EXERCISE AIM:
From the line with "Appartamento in vendita" to the line with "Масло моторное Castrol", retype each line exactly as it stands in the records below, but skip the pictures.

RECORDS FOR THIS EXERCISE:
----

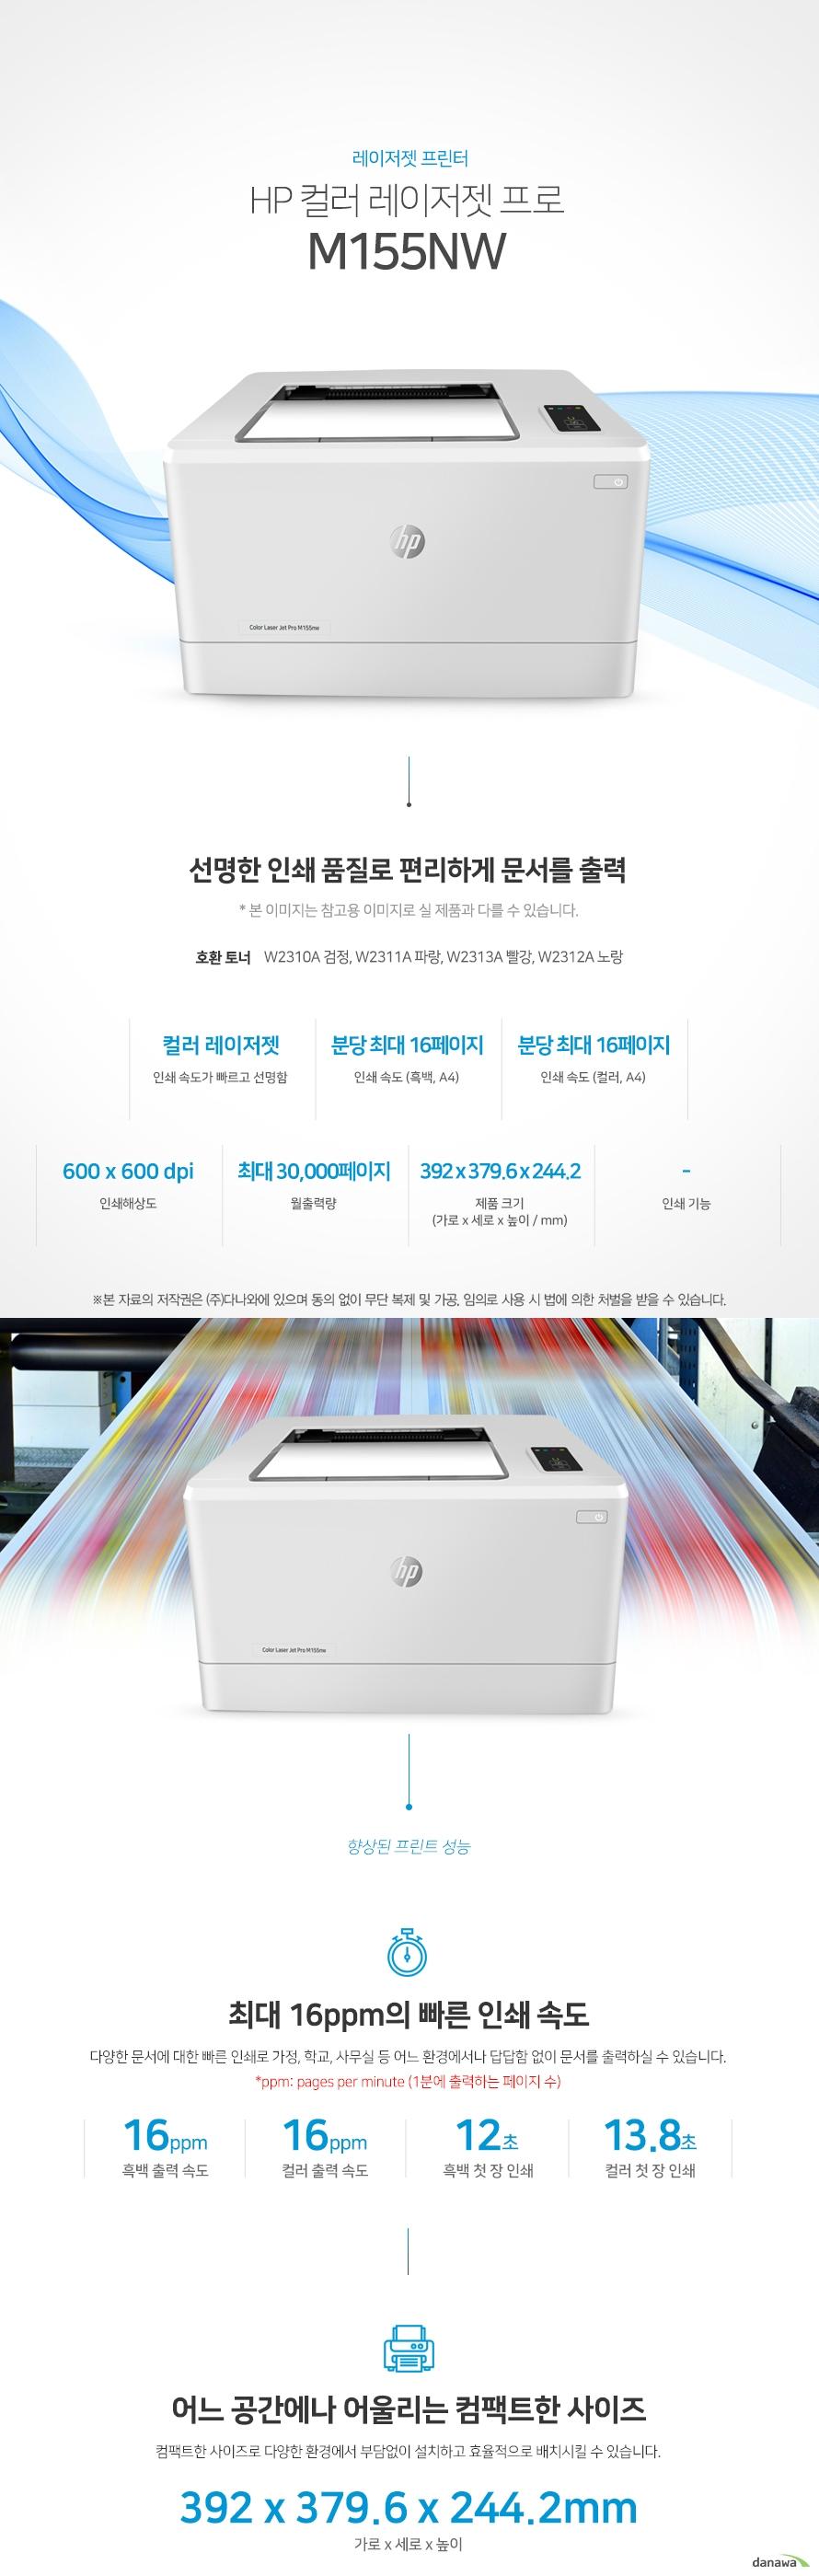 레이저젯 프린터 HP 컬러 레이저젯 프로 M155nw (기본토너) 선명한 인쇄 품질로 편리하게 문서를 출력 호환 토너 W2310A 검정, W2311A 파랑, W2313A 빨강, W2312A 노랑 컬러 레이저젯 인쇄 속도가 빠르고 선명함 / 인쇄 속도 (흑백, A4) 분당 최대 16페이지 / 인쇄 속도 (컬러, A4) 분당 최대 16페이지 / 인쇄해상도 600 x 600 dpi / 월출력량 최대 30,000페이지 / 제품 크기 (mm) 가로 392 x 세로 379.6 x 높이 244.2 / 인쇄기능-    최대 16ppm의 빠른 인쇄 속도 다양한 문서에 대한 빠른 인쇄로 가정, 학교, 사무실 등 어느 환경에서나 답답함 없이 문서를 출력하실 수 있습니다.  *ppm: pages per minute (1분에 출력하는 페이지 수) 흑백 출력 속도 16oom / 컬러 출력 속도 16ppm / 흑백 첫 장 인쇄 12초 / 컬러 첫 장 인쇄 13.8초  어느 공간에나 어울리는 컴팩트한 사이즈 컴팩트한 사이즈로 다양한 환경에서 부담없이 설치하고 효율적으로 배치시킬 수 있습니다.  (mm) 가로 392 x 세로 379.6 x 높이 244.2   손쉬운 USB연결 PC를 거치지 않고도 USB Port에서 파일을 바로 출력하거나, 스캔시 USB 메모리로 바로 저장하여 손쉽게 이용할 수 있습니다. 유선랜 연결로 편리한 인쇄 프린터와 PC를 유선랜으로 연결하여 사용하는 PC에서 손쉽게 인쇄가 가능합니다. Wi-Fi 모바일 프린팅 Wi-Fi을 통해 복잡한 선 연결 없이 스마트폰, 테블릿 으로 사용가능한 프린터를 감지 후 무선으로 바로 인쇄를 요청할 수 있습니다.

----

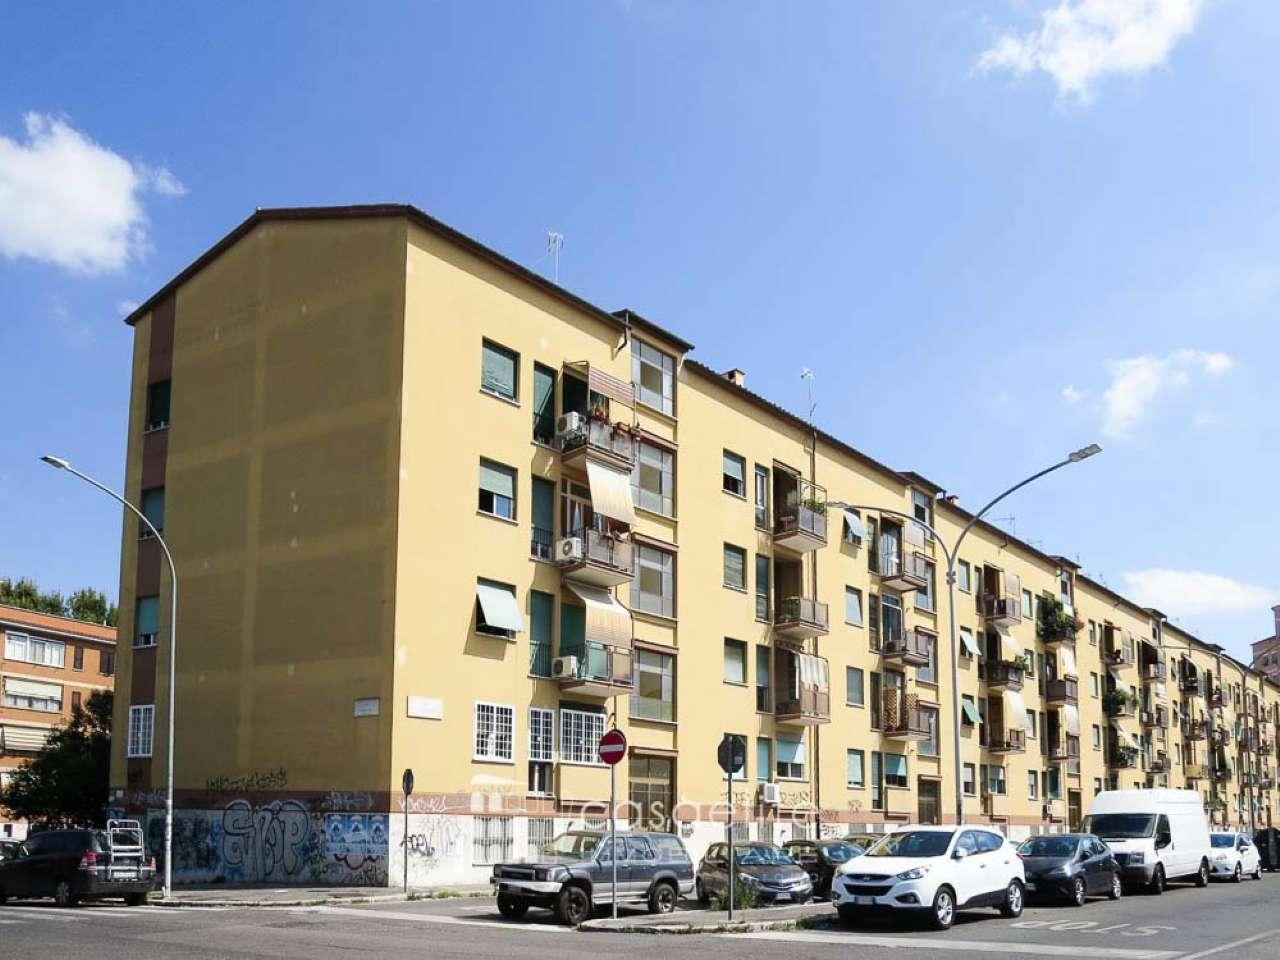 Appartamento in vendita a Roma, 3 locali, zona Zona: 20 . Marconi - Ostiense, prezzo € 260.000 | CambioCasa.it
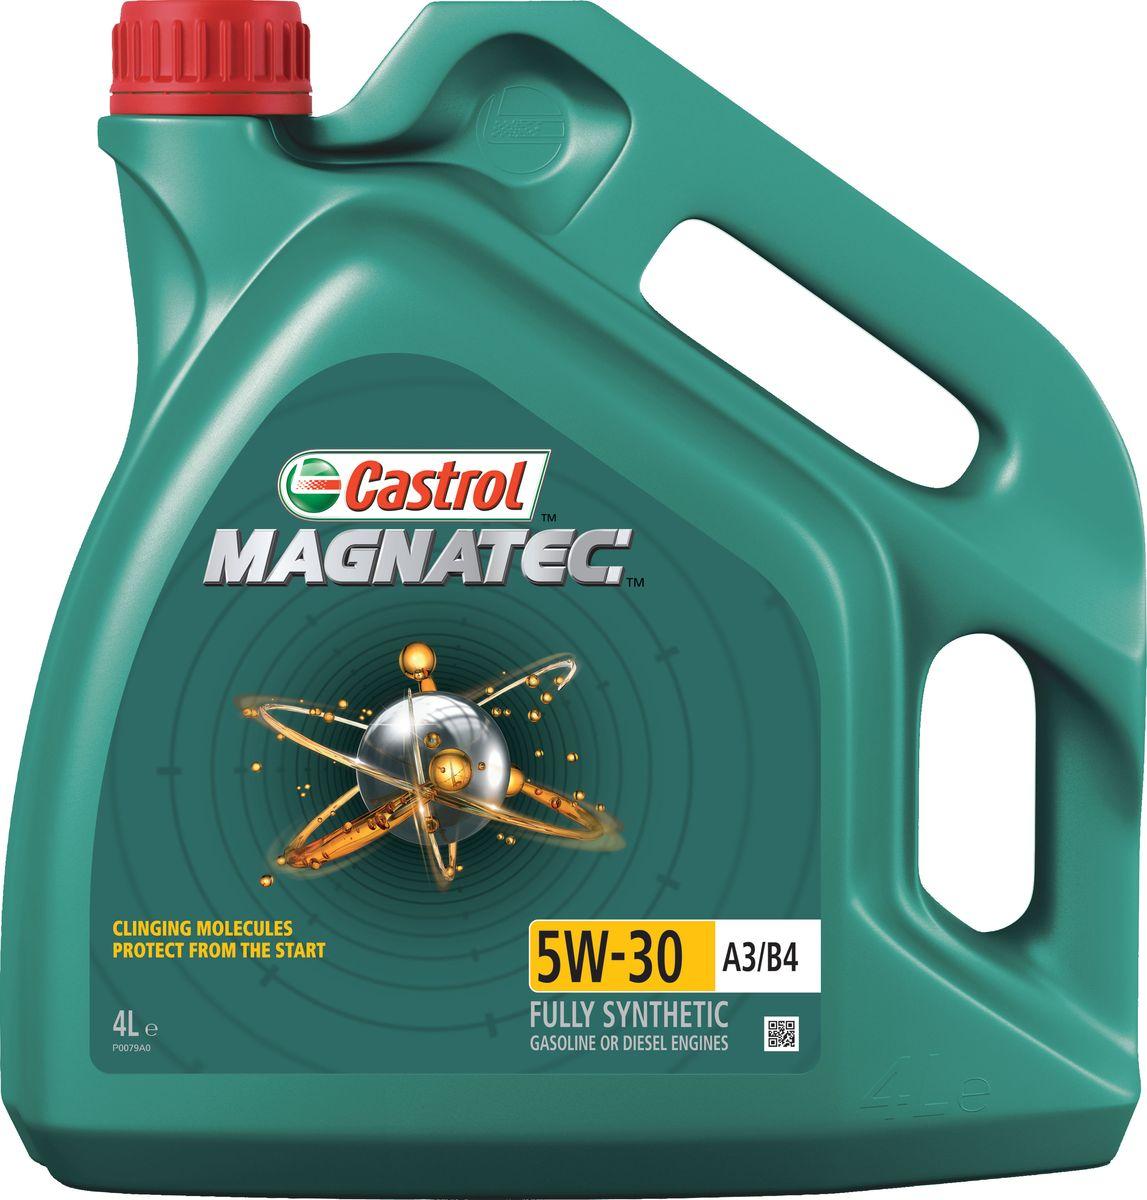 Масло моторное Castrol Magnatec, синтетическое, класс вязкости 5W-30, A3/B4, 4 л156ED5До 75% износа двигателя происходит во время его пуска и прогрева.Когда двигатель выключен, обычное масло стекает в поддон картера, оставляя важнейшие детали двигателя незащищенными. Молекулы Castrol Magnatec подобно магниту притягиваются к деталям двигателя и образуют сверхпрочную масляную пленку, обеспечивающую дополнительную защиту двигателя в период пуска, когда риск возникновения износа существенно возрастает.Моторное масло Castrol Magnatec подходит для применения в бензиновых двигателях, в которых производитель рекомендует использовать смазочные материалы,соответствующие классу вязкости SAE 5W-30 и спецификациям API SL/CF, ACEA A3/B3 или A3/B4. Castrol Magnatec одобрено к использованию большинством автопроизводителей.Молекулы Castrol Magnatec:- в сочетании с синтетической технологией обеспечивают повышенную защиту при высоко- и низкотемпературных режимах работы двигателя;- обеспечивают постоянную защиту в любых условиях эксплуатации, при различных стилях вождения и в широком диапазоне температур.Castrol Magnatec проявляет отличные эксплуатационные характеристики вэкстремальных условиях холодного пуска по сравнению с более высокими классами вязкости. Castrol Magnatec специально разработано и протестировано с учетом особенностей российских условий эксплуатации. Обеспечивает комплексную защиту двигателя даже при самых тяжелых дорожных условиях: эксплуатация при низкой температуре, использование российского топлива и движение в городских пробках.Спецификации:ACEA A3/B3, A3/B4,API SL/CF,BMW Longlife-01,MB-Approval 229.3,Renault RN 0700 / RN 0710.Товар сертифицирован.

----

RESPONSE TO THE TASK:
 Appartamento in vendita a Roma, 3 locali, zona Zona: 20 . Marconi - Ostiense, prezzo € 260.000 | CambioCasa.it
 Масло моторное Castrol Magnatec, синтетическое, класс вязкости 5W-30, A3/B4, 4 л156ED5До 75% износа двигателя происходит во время его пуска и прогрева.Когда двигатель выключен, обычное масло стекает в поддон картера, оставляя важнейшие детали двигателя незащищенными. Молекулы Castrol Magnatec подобно магниту притягиваются к деталям двигателя и образуют сверхпрочную масляную пленку, обеспечивающую дополнительную защиту двигателя в период пуска, когда риск возникновения износа существенно возрастает.Моторное масло Castrol Magnatec подходит для применения в бензиновых двигателях, в которых производитель рекомендует использовать смазочные материалы,соответствующие классу вязкости SAE 5W-30 и спецификациям API SL/CF, ACEA A3/B3 или A3/B4. Castrol Magnatec одобрено к использованию большинством автопроизводителей.Молекулы Castrol Magnatec:- в сочетании с синтетической технологией обеспечивают повышенную защиту при высоко- и низкотемпературных режимах работы двигателя;- обеспечивают постоянную защиту в любых условиях эксплуатации, при различных стилях вождения и в широком диапазоне температур.Castrol Magnatec проявляет отличные эксплуатационные характеристики вэкстремальных условиях холодного пуска по сравнению с более высокими классами вязкости. Castrol Magnatec специально разработано и протестировано с учетом особенностей российских условий эксплуатации. Обеспечивает комплексную защиту двигателя даже при самых тяжелых дорожных условиях: эксплуатация при низкой температуре, использование российского топлива и движение в городских пробках.Спецификации:ACEA A3/B3, A3/B4,API SL/CF,BMW Longlife-01,MB-Approval 229.3,Renault RN 0700 / RN 0710.Товар сертифицирован.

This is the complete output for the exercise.